# Workbench and some clocks



## DougW (Oct 15, 2005)

Here is a set of Christmas present clocks. A few look reversed as they are barber's clock movements, intended for viewing in mirrors.

The other picture, with pretty presenter is my ideal, small-sized, 17th century design workbench. I'm wondering how I ever lived without either one. The bench is made of spruce, with Veritas hardware, and

The clocks are a collection in pine, aspen and maple respectively. What you can't see is some are assembled with screws (pine), mortise/tennons (aspen) and dovetails (maple). An excellent practice session in assorted joints.

...Doug


----------



## Visteonguy (Aug 6, 2005)

Nice work Doug.... I really like the idea of the barbers clock.


----------



## DougW (Oct 15, 2005)

Thanks. I first saw a barber's clock in an antique display in Beaverdell Hotel in BC. Looks very strange. In my house it took about 2 weeks to get used to it on the mantle, now it seems almost normal.

...Doug


----------



## Mark (Aug 4, 2004)

Doug, those look like some really nice projects, great job! 
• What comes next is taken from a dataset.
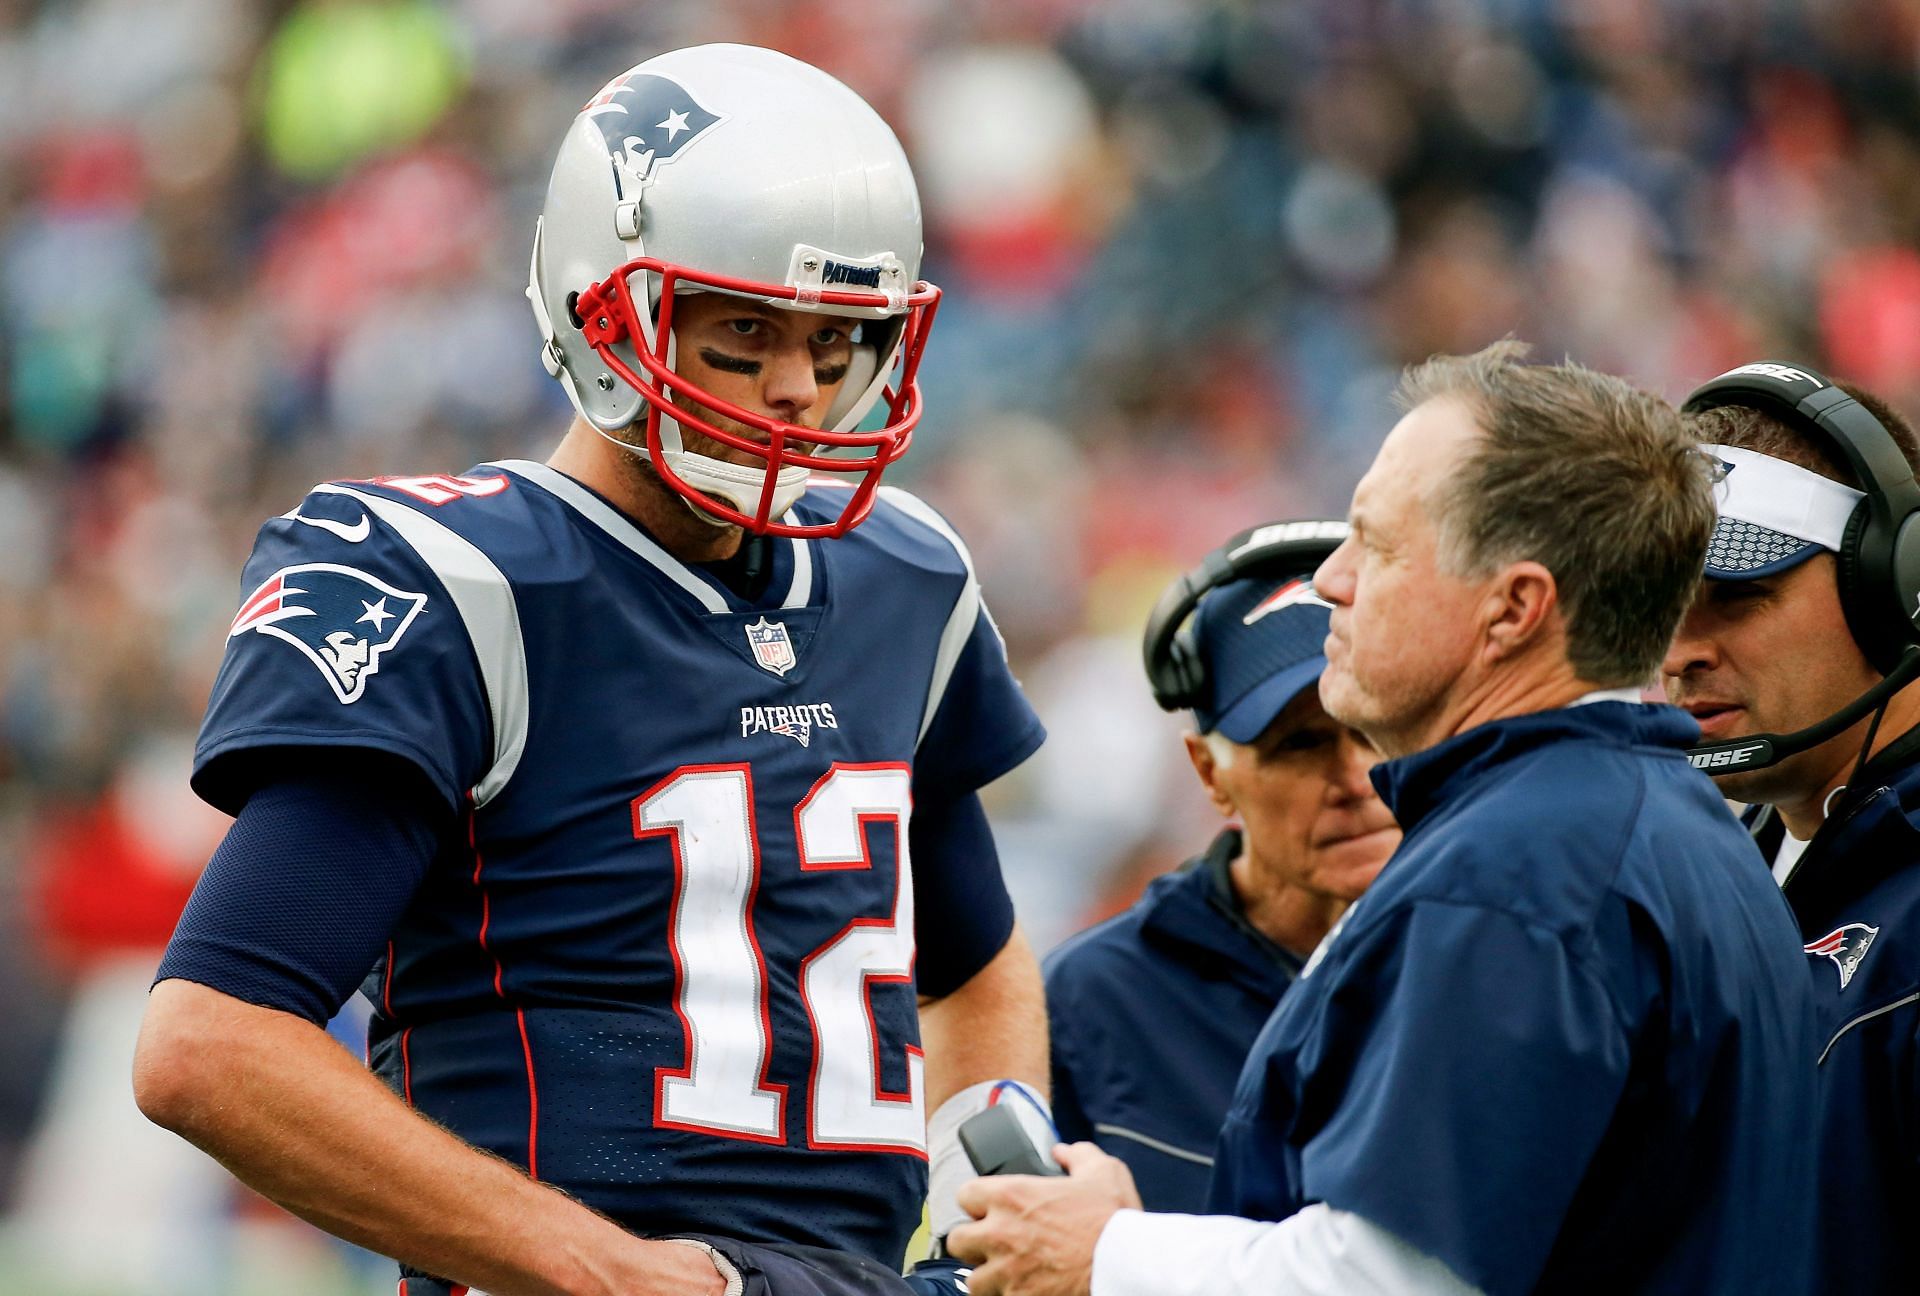 Brady and Belichick were the main reason the Patriots dominated for over a decade

How long did it take you to make one of the clocks?


----------



## GoonMan (Mar 22, 2005)

DougW said:


> Here is a set of Christmas present clocks. A few look reversed as they are barber's clock movements, intended for viewing in mirrors.
> 
> The other picture, with pretty presenter is my ideal, small-sized, 17th century design workbench. I'm wondering how I ever lived without either one. The bench is made of spruce, with Veritas hardware, and
> 
> ...


WOW Doug looks great.


----------



## Pop_pop1 (Sep 10, 2004)

Nice job on both clocks and bench. Looks like some great gift ideas. Well done.


----------



## DougW (Oct 15, 2005)

Thanks to all for your comments.

Time to make the clocks was a nebulous thing as I was experimenting with my first piece of maple, my first shot at resawing, and learning the jointing process for each on the Woodrat.
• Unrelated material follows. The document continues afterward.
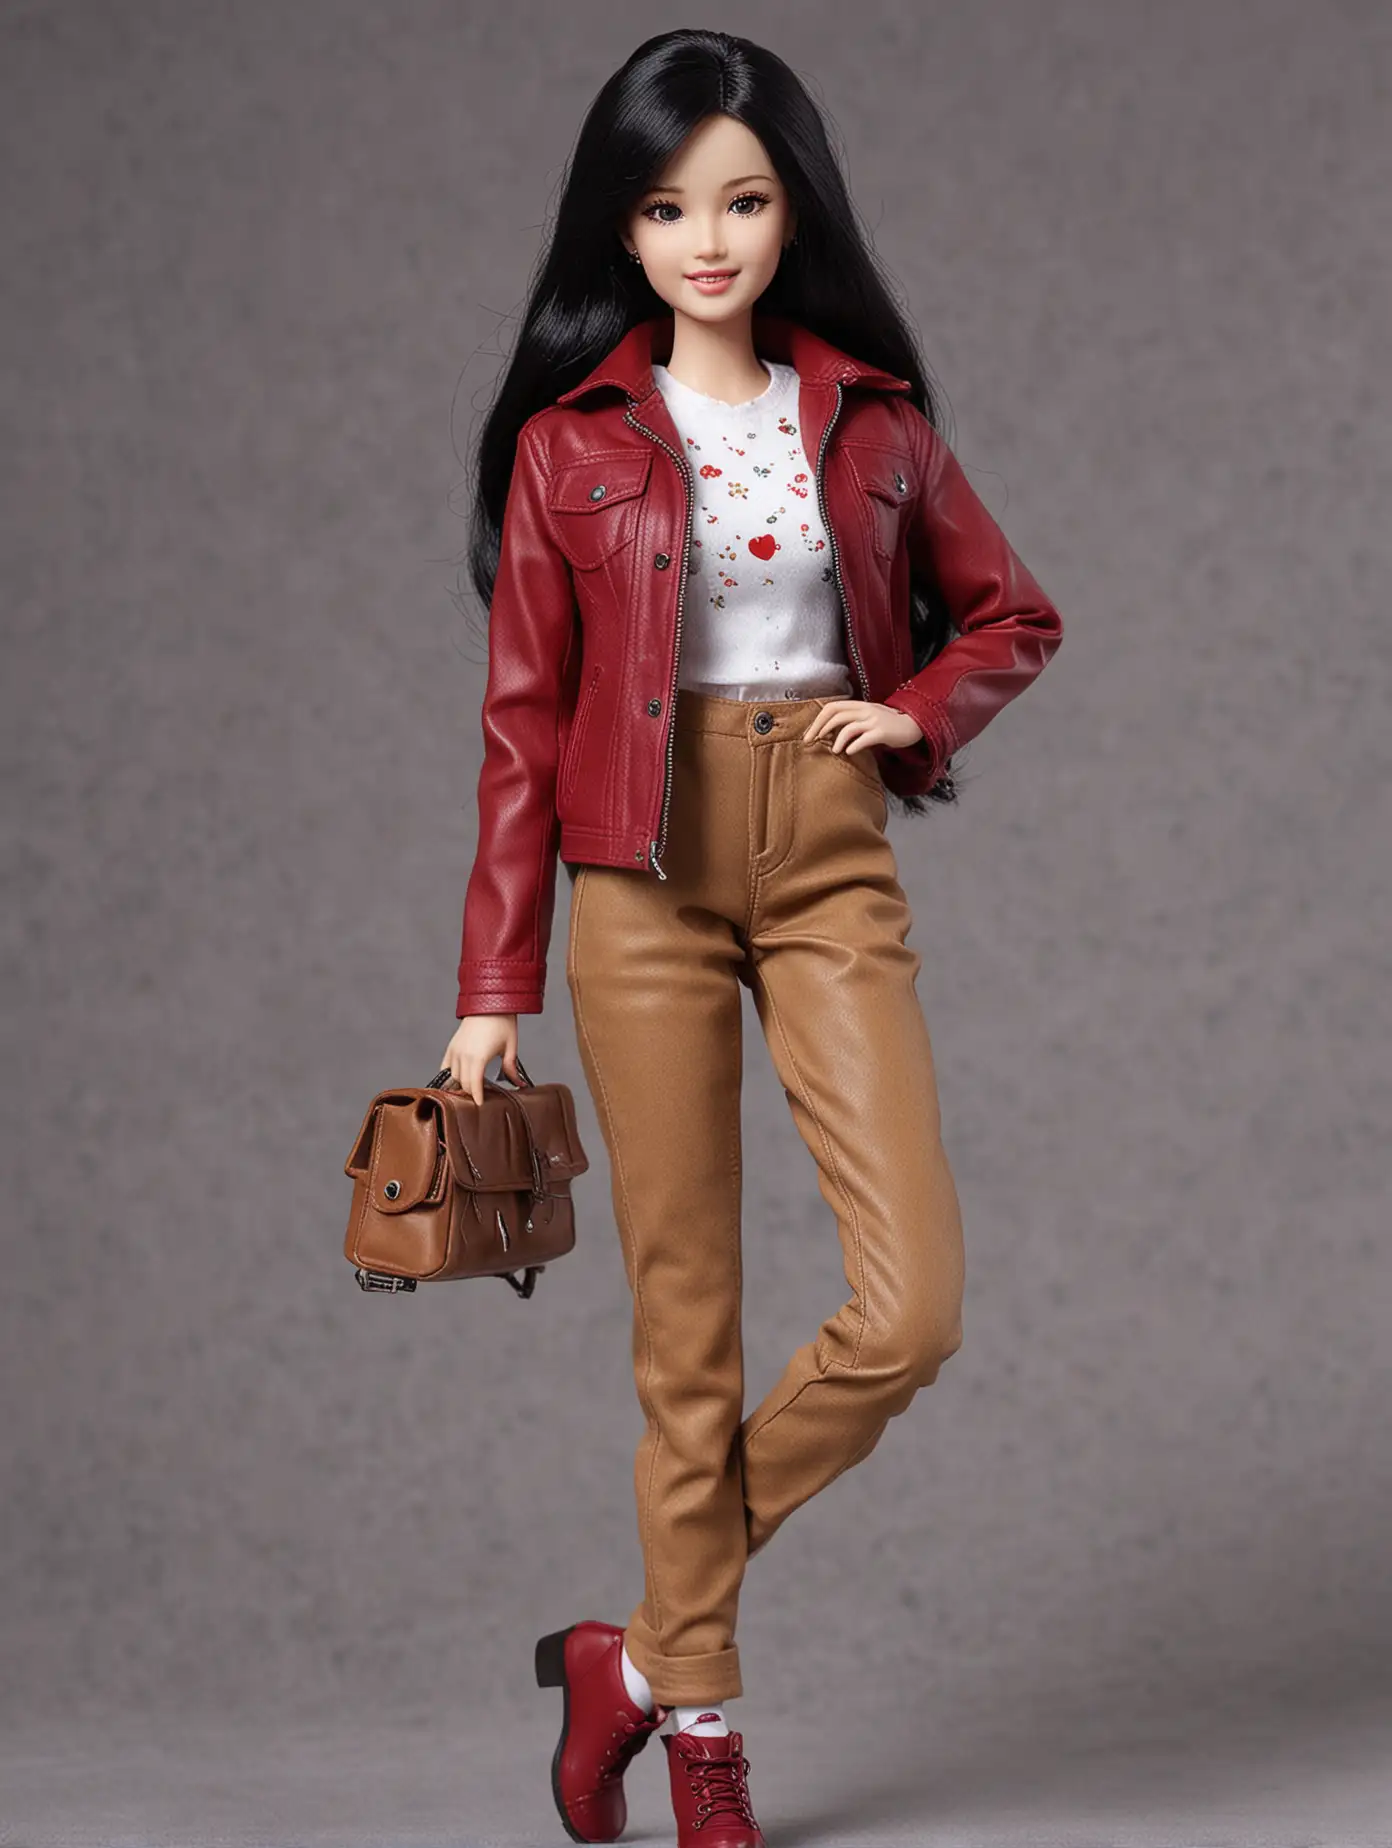 Stylish Kim Hyeyoon Barbie Doll in Maroon Leather Jacket and Red Shoes

I'd guess the time wasn't more than a couple of hours each, including the carrier for the clock mechanism, which slides out the back when the rear panel is removed. Dovetailing the tiny drawer probably took as much time as the rest of the clock.

...Doug


----------



## golfmike304 (Feb 26, 2006)

nice bench doug, I hope to build one sometime myself. :sold: 
Mike


----------



## DougW (Oct 15, 2005)

I'm sure glad I built the bench. I didn't know it had so many uses!
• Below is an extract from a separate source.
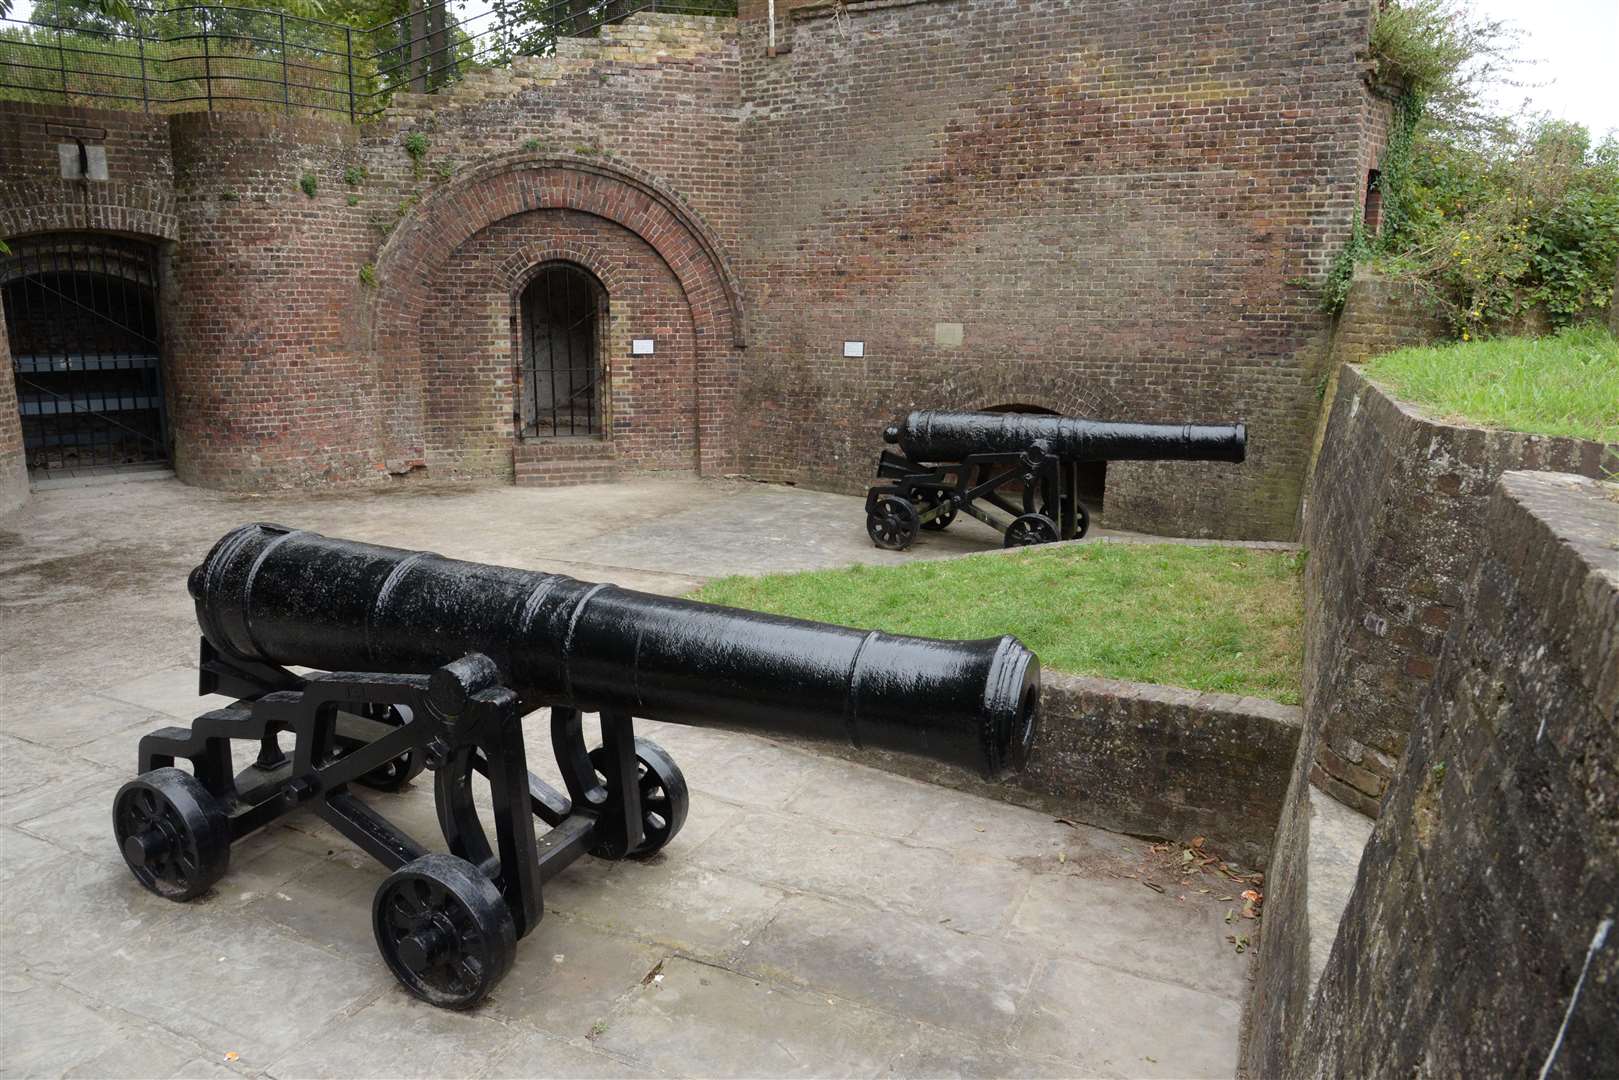 The guns will be fired from Fort Amherst. Picture: Chris Davey

Having finished and worked with it a while here's a couple of thoughts.
1. I would have LIKED hardwood... but spruce is just fine and I had money for more project materials left over.
2. Size does matter. I build mine long enough with the end vise extended to clamp 5 feet. Perfect. I still have some workshop left around it.
3. Deadmen might not wear plaid but they are terrific to have on a bench!
4. The older design the better. I like hand tools so it makes sense to use a good design from an era when hand tools were the norm. (Not used by Norm. ;->)

...Doug


----------



## jonnyboy63 (Mar 20, 2006)

Doug ~
Wow, those two photo's bring inspiration and hope to all of us. Thank you for sharing them!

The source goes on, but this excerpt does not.